Spiegel: “Do you have an explanation for why the belief in Intelligent Design is nowhere so widespread as in the United States?”

Dennett: “No, unfortunately I don’t...”

Dennett than went on to say the Christian fundamentalist Armageddon scenario was “scary.” I’ve been reading the World Socialist Web Site for several years now, and even I can provide an answer for that question: the increasing disparity in wealth between the rich and the poor and the need to divert working people from discovering the cause of this inequality, capitalism. Sure, it’s more complex than that, but Dennett must have reflected upon this issue in his research.

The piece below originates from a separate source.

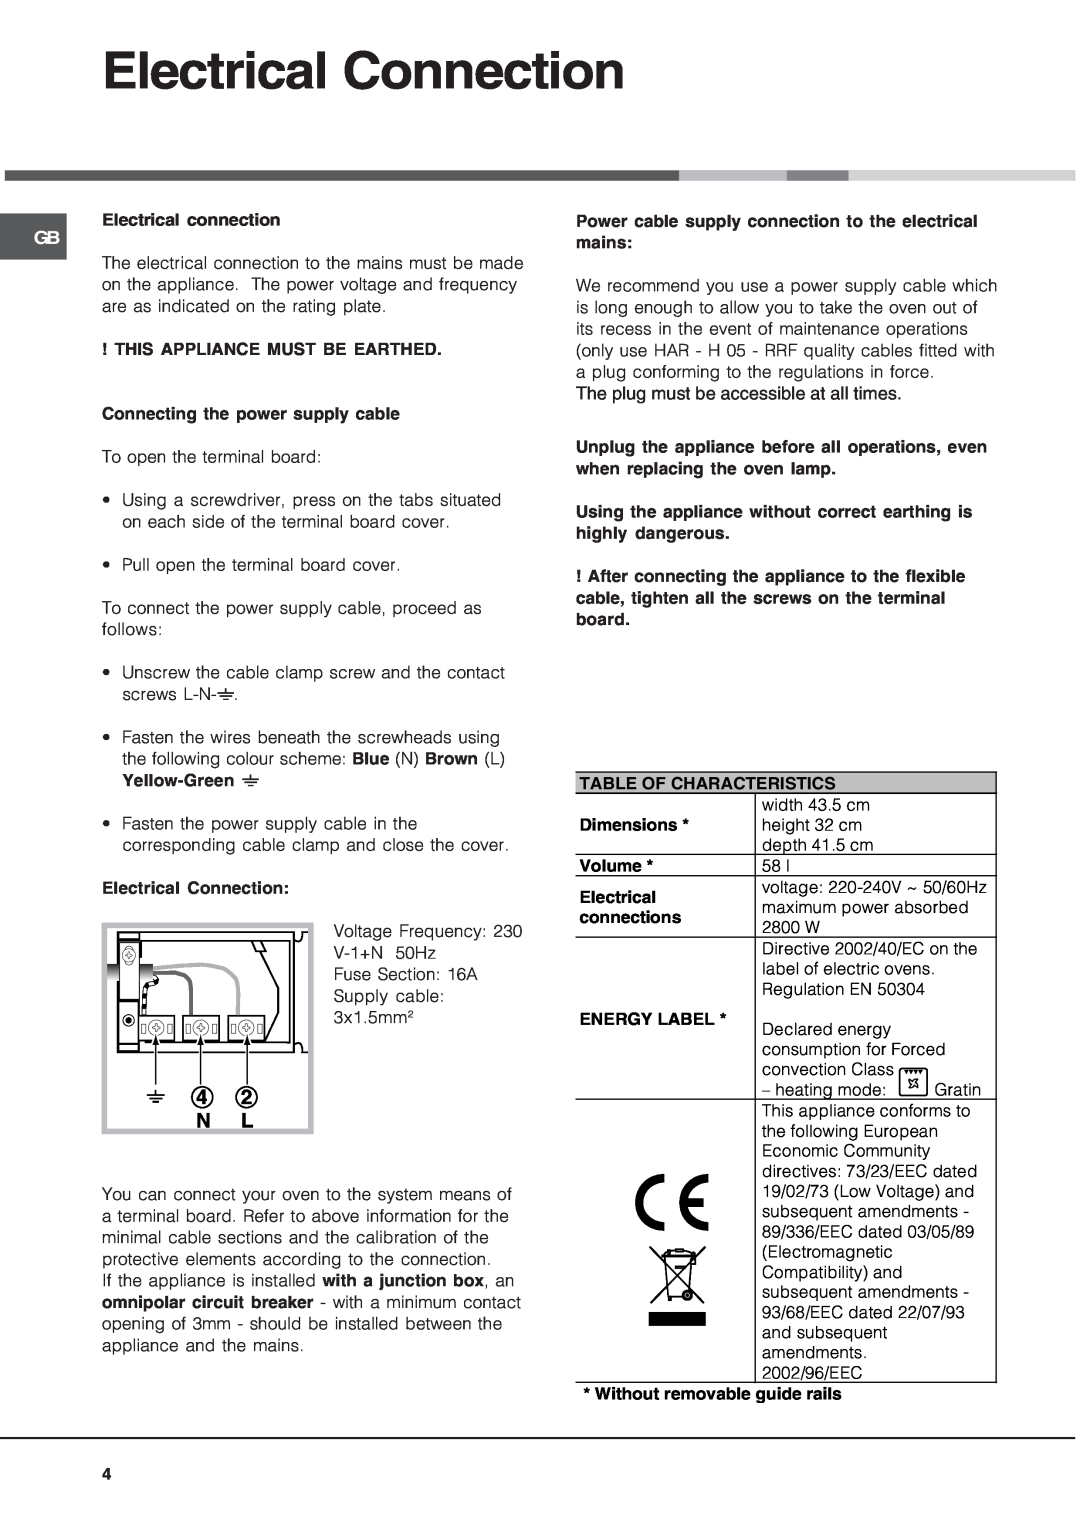 Hotpoint SE48101PX manual Electrical Connection, 4 2 N L, The plug must be accessible at all times 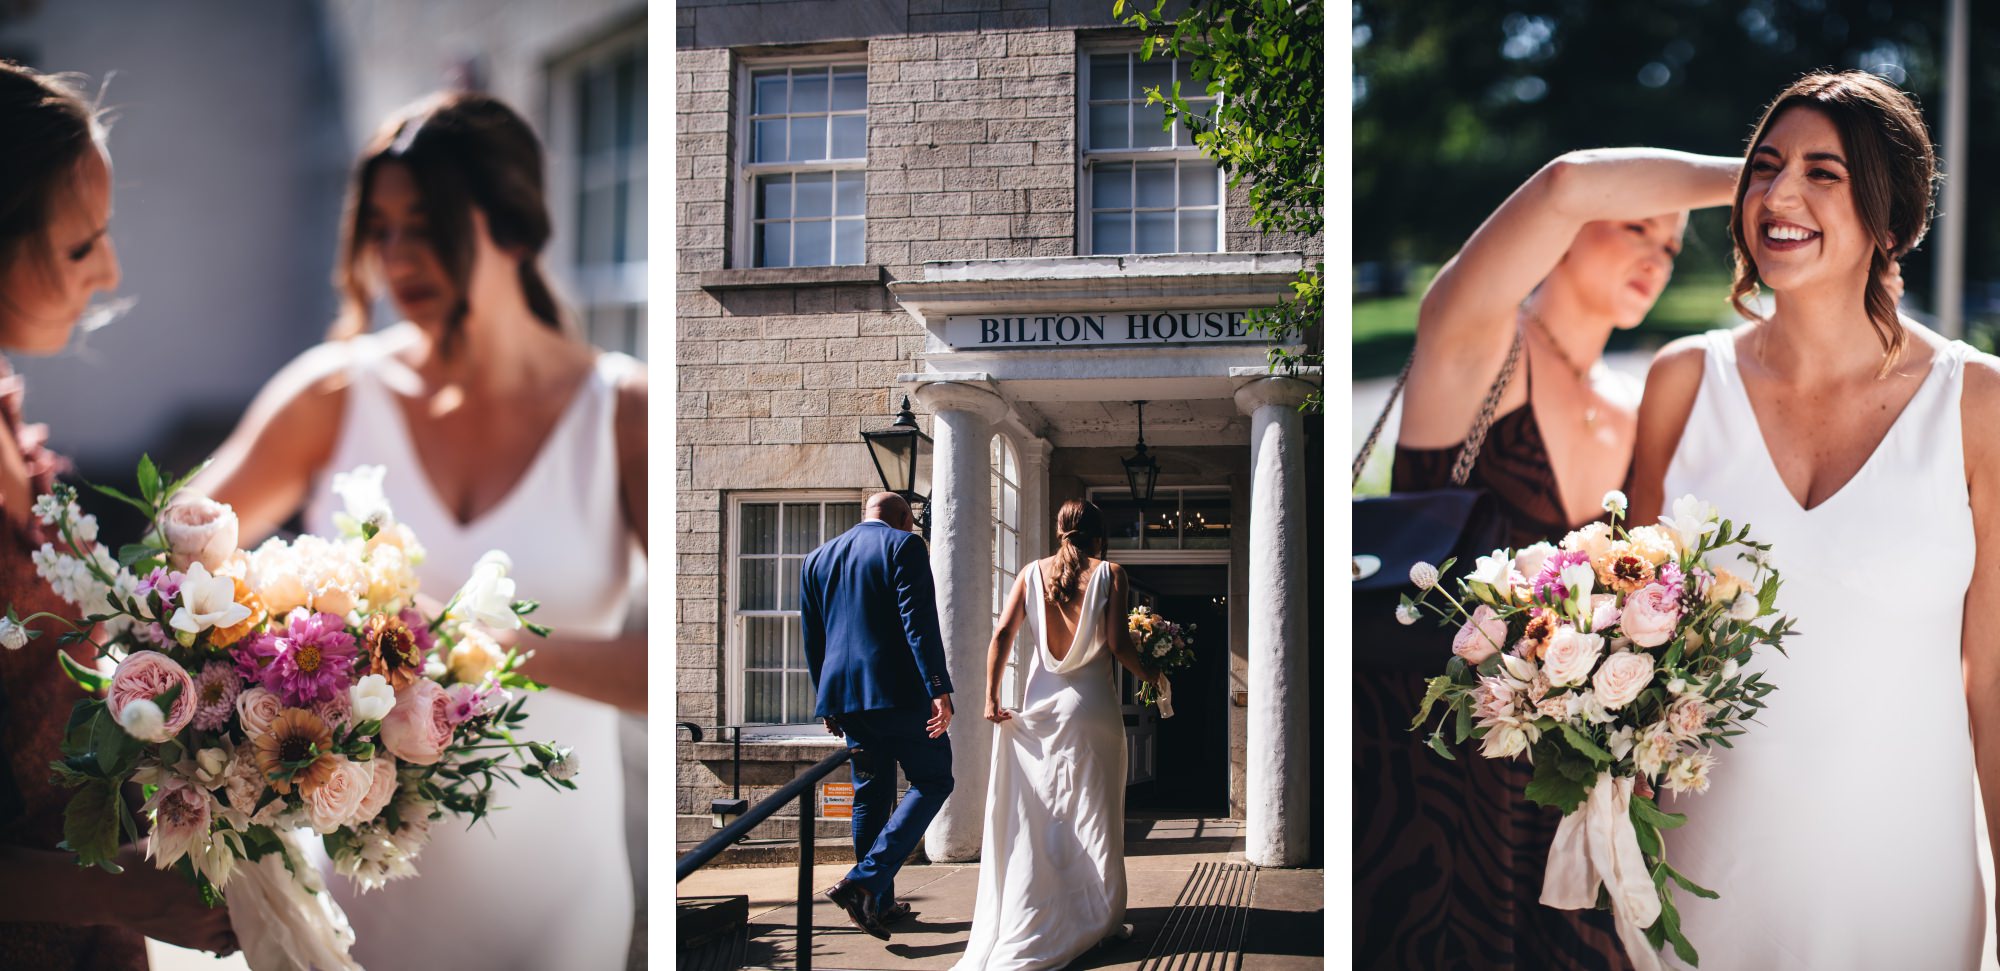 rose and lily bouquet, bride walking into Bilton House with backless wedding dress

In Darwin’s Dangerous Idea, Dennett quotes Karl Marx favorably and at length regarding his support for Darwin’s theories. I just hope he comes up with a better answer to the question above. If he is calling for a scientific study of religion, that question is going to have to be answered.


4 April 2006

On “Winslow Homer (1836-1910): Poet of the Sea”

Thanks for the informative and enjoyable piece on Homer. I like the way you put his work in context. It reminded me of Hauser’s The Social History of Art, which I read many years ago. The nuanced observation about what was home for the soldiers was priceless. I’ve always enjoyed The Gulfstream. Have you written anything on George Bellows? His The Lone Tenement has always been a favorite of mine.


Bradenton, Florida

3 April 2006

On “US secretary of state meets angry Iraq war protests in England”

The US press will never print anything negative about that evil woman, and thank God you do! She has the blood of thousands on her filthy hands, and I hope she is tried in a world court with the other scoundrels in the White House! Thank you very much! By the way, I am pro-Communist/Socialist and pray for the day when they take over the world from the Capitalist pigs!